In 1897 his father, a first infantry sergeant, was relocated to Cuba, while his mother, his two sisters and Julio Antonio moved to Barcelona where he continued his apprenticeship at the studio of the sculptor Feliu Ferrer i Galzeran.

The family also lived in Múrcia, where he moved in 1903 and where Julio Antonio produced his first sculptural ensemble: Flores malsanas (Sick flowers). Julio Antonio still had not adopted his artistic name and was known as Antonio Rodríguez.

In 1907 he was awarded a scholarship by the Diputació of Tarragona to study in Madrid, an opportunity which allowed him to start working at the studio of Miquel Blay (Olot 1866 – Madrid 1936), one of the most acclaimed sculptors in the country, from whom he gained great technical skill in his work.

During this period he laid the theoretical foundations of his future, engaging in meetings and discussions on literature, music, poetry and art with Miquel Viladrich, Victorio Macho, Enrique Lorenzo Salazar and Lluís Bagaria, among others.

After a period at Miquel Blay’s studio, Julio Antonio and his colleague Miquel Viladrich decided to set up their own studio in 1908 in C/ Villanueva in Madrid. They shared the studio, the house, the little money they had and the necessities and rigour of winter. They worked intensely day and night and paid their models when their income allowed.

He also developed a friendship with the writer Ramón Gómez de la Serna who, one year later, in 1915, would establish the famous Cripta del Pombo literary circle, attended by numerous personalities from the literary and artistic world, including Julio Antonio.

The writings of Gómez de la Serna would become key to understanding the life and work of Julio Antonio:

“At times he would appear with his face of a flamenco singer, with his coarse and blackened expression, and his hands of a bull slaughterer, hands which moved in the air as if covered in clay, the index finger always “thin as a rake” of the sculptor that models what he says... Increasingly, he speaks using signs like a mute, and submerges further into the limbo of his clay, while his prestige grows like one of those tall poplars of Segovia”.

“Sculpture needed a resurrector, and Julio Antonio appears with that task of resurrecting its flesh and spirit. In his work there is not excessive clay as in that of Oslés or in the disciples of Rodin and de Meunier, yet there is always clay, to a greater or lesser extent. He has the skill and the accuracy of the accurate, an ideal and precise accuracy, when his hand adds or removes a piece of clay with one scrape over the moist clay”.         Gómez de la Serna

Julio Antonio was clear about the sources he would have to see in order to train as an artist, who he would have to learn from and how he would have to do it. Thanks to a travel scholarship awarded to him by the Diputació of Tarragona, the sculptor was able to spend three months travelling through Italy with his mother, visiting Rome, Florence and Naples. This trip allowed him to familiarise himself with the work of two of the great sculptors who, alongside Rodin, most influenced his work: Donatello and Michelangelo.

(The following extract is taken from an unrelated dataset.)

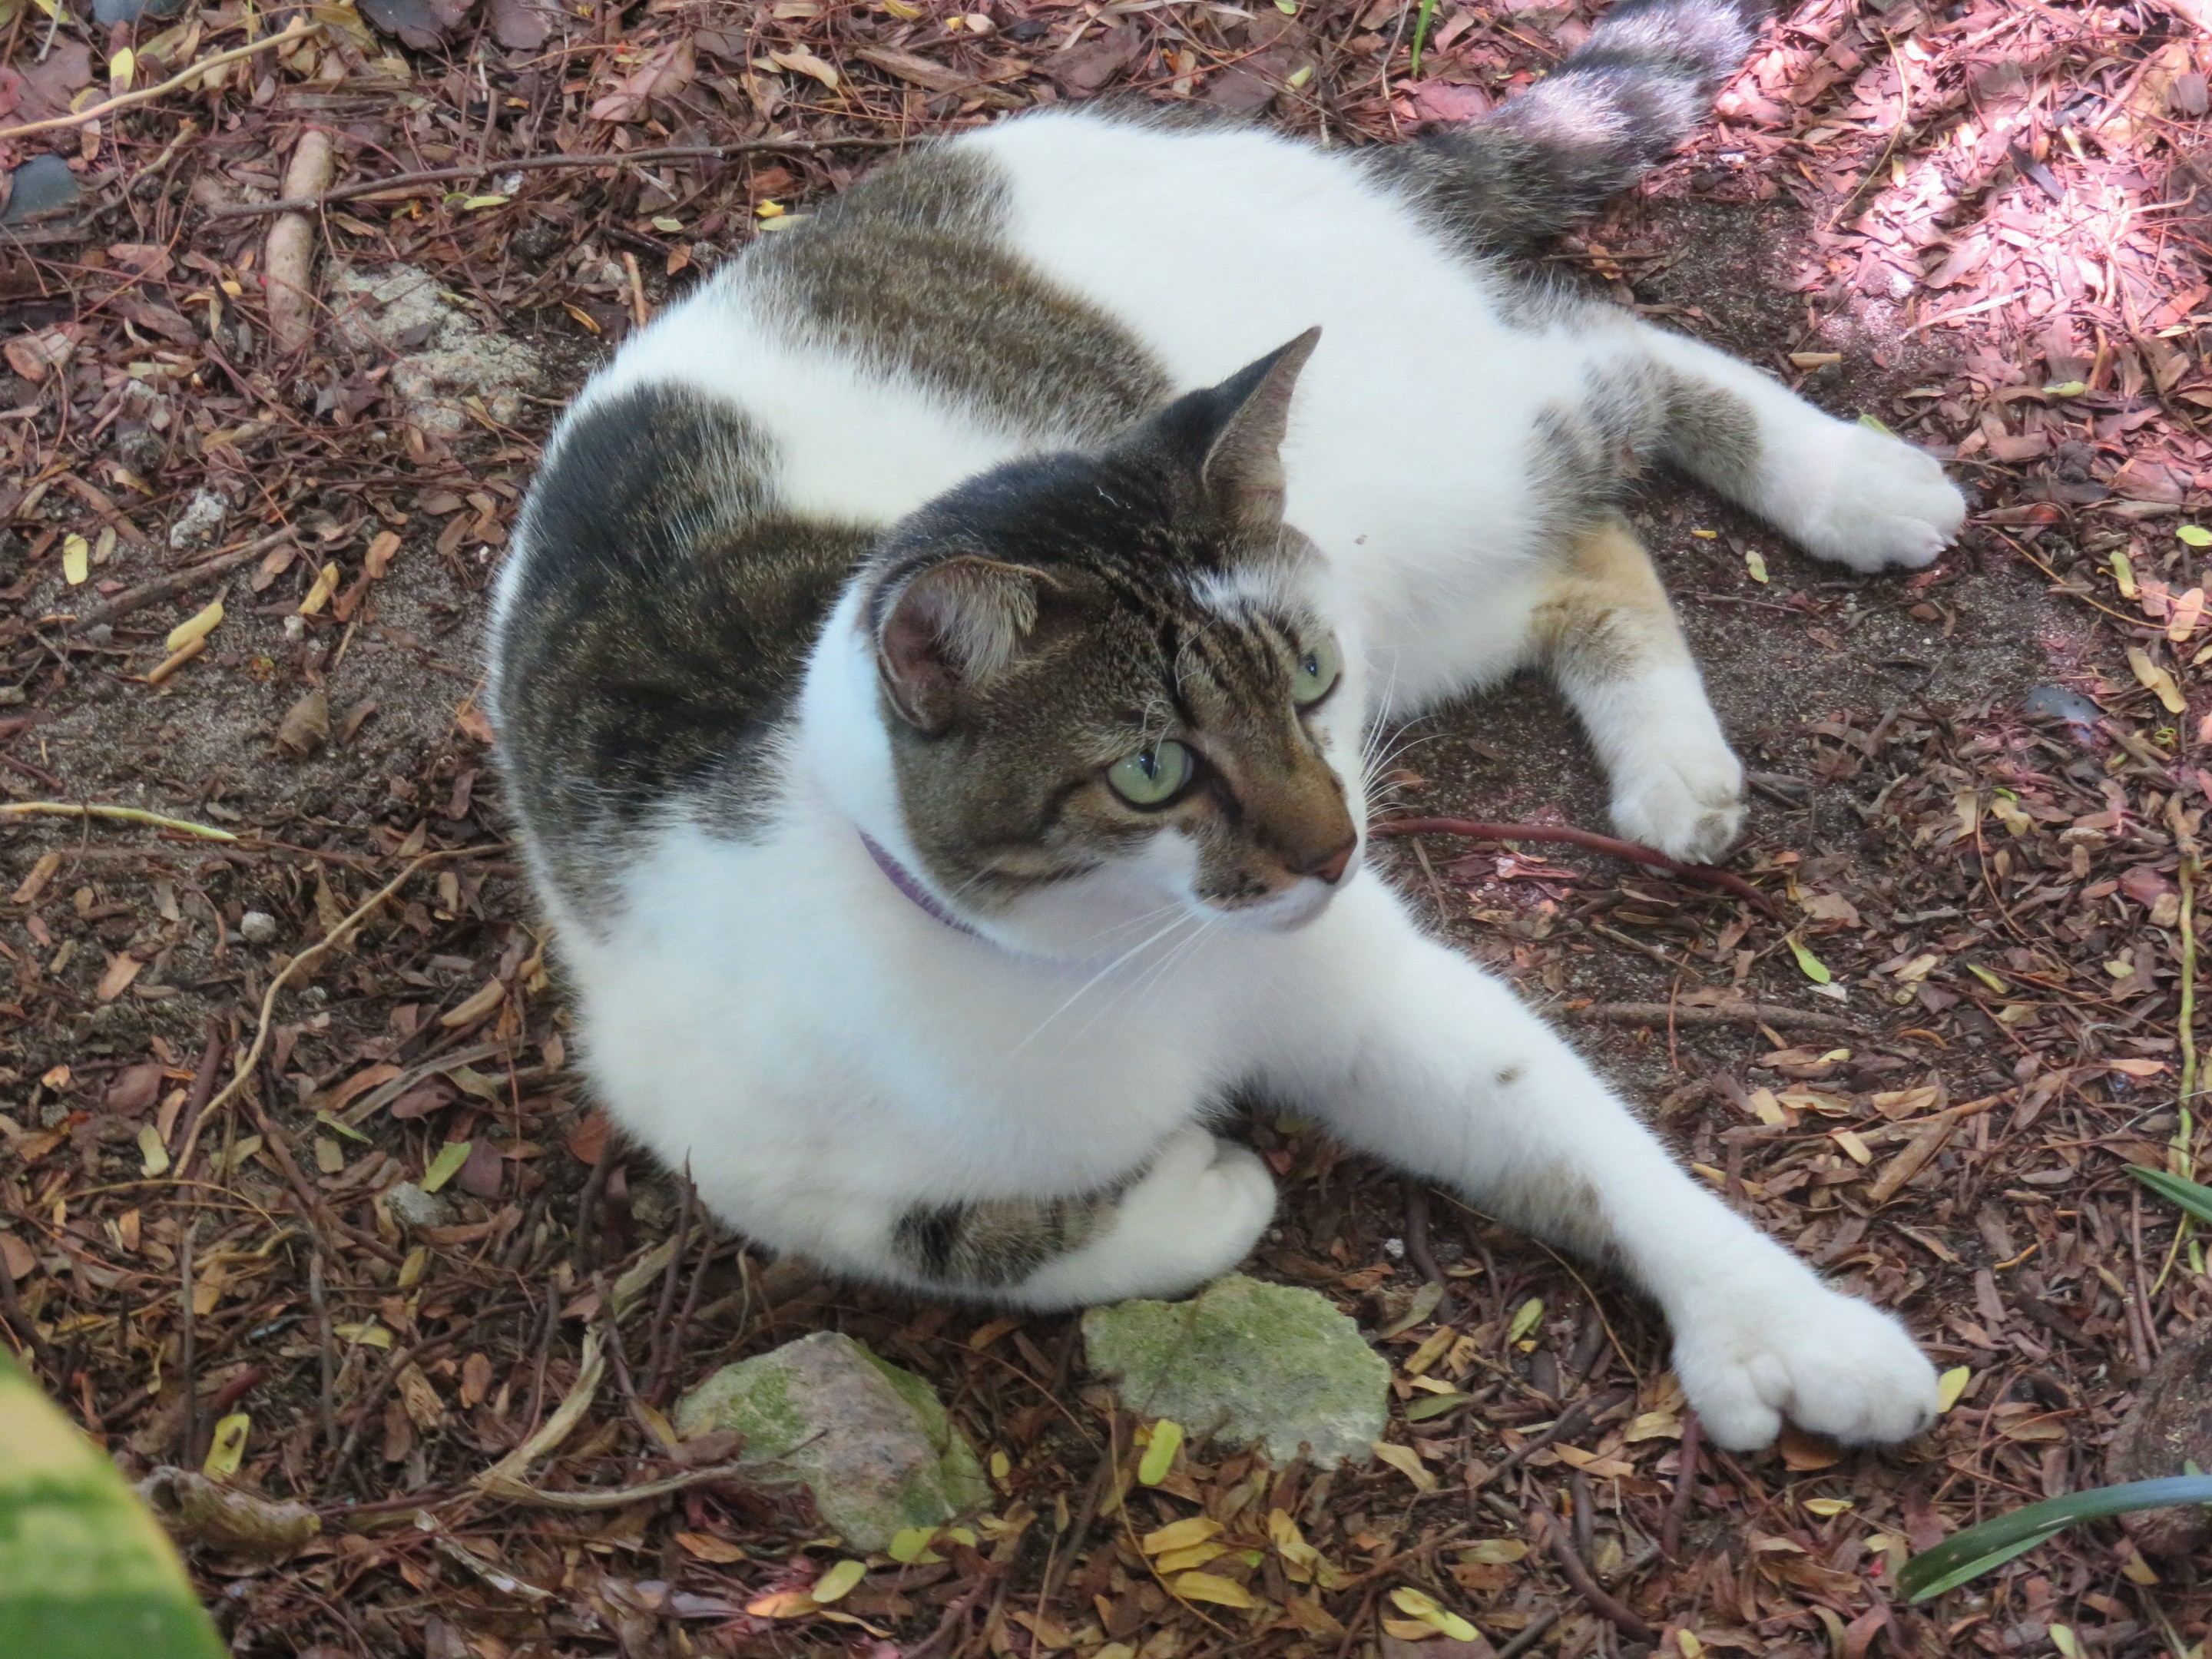 Un des chats à 6 doigts, dans le jardin d'Ernest Hemingway

I will ask for protection from the great works of the grand classical masters, I will ask them to teach me where the mystery of form and beauty lies and undoubtedly by studying them and rejecting them they will tell me a great deal and it is then that I will produce my work…        Julio Antonio

After returning from Italy, he moved to Almadén, with Enrique Lorenzo Salazar -disciple and loyal friend of Julio Antonio-, where he worked on Bustos de la Raza (Busts of the Race), a series of sculptures in which the artist aims to summarise the spirit of the inhabitants of villages in Spain.

In 1910 he began his friendship with the Romero de Torres brothers, Julio and Enrique. This friendship, especially with Julio, and his love for Andalusia translated into specific results in this output: the monument the sculptor decided to produce of the bullfighter Lagartijo, La Mujer de la Mantilla (The Woman with the Shawl), two drawings and a proof of the engraving Homenaje a Córdoba (Homage to Cordoba).

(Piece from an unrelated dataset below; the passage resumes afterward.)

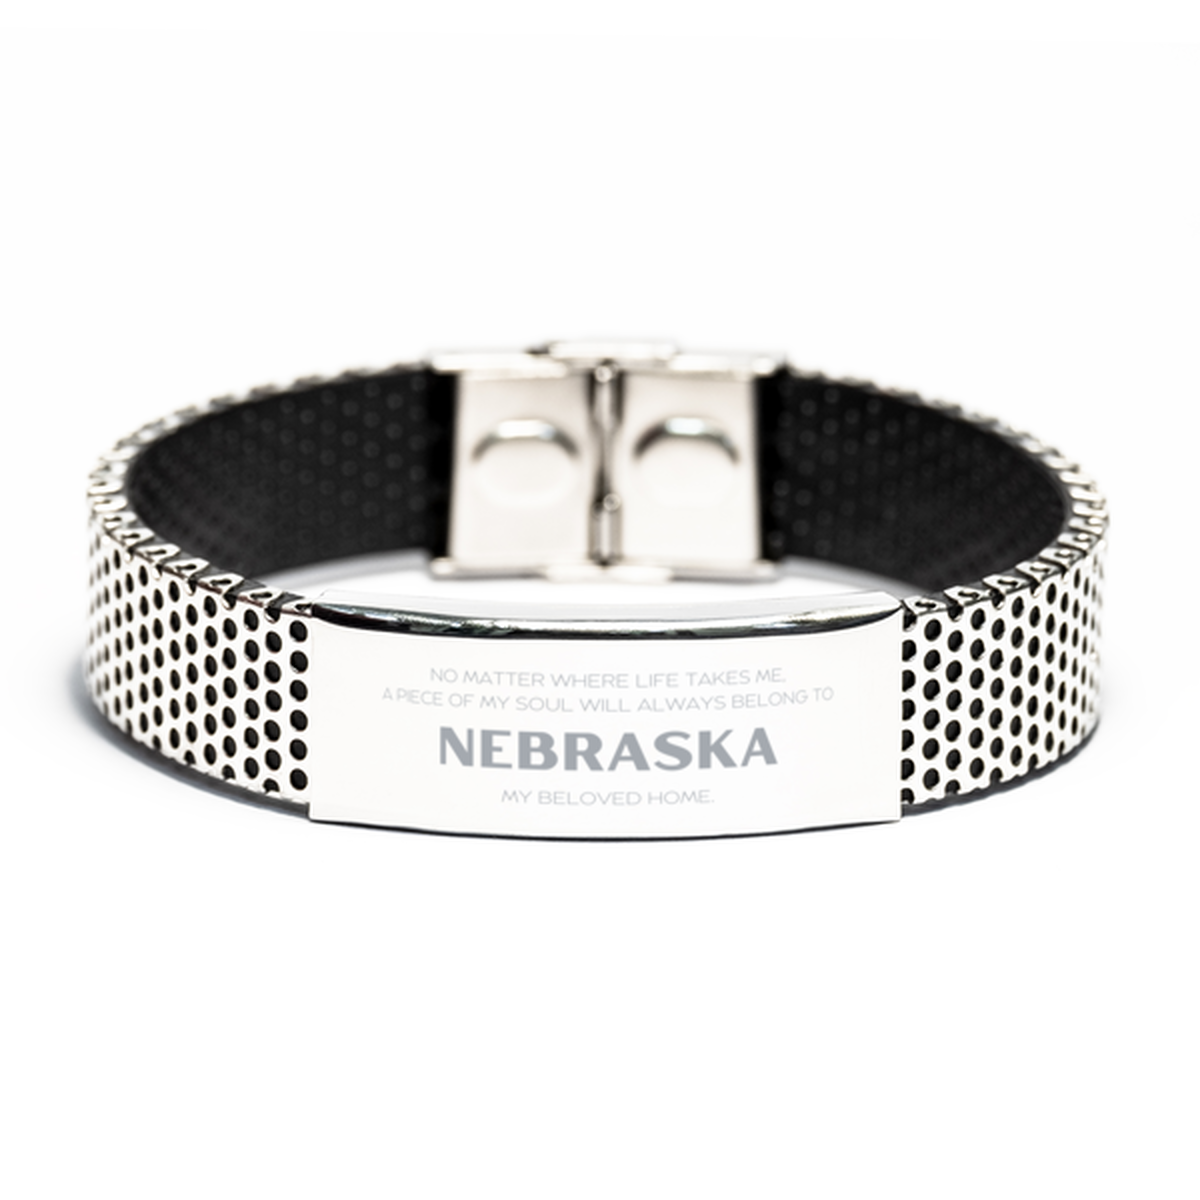 Love Nebraska State Gifts, My soul will always belong to Nebraska, Proud Stainless Steel Bracelet, Birthday Unique Gifts For Nebraska Men, Women, Friends

In 1911 he won the competition to produce the Monument als Herois de 1811 (Monument to the Heroes of 1811), which Tarragona City Council had organised to commemorate the gesture of the men who gave their lives defending the city during the French war. His project was selected ahead of proposals by Anselm Nogués and Carles Mani.

In 1912, Julio Antonio moved his Madrid studio to an annex of the Codina Foundry in Madrid. The studio was a meeting point for artists and intellectuals of the period, and working at the foundry, in a larger studio, allowed him to work in large-scale projects, such as the Monument a Chapí (Monument to Chapí), which is currently located in the Retiro Park of Madrid, the Monument a Richard Wagner (Monument to Richard Wagner) project and the sculpture of Sant Joan (Saint John), which we only know from a photograph.

During the decade of 1910, he planned and produced a significant number of monuments, making him one of the best-known artists in the country. Many monuments commemorate various personalities, while others represent more sublime concepts, such as work, poetry and spirituality.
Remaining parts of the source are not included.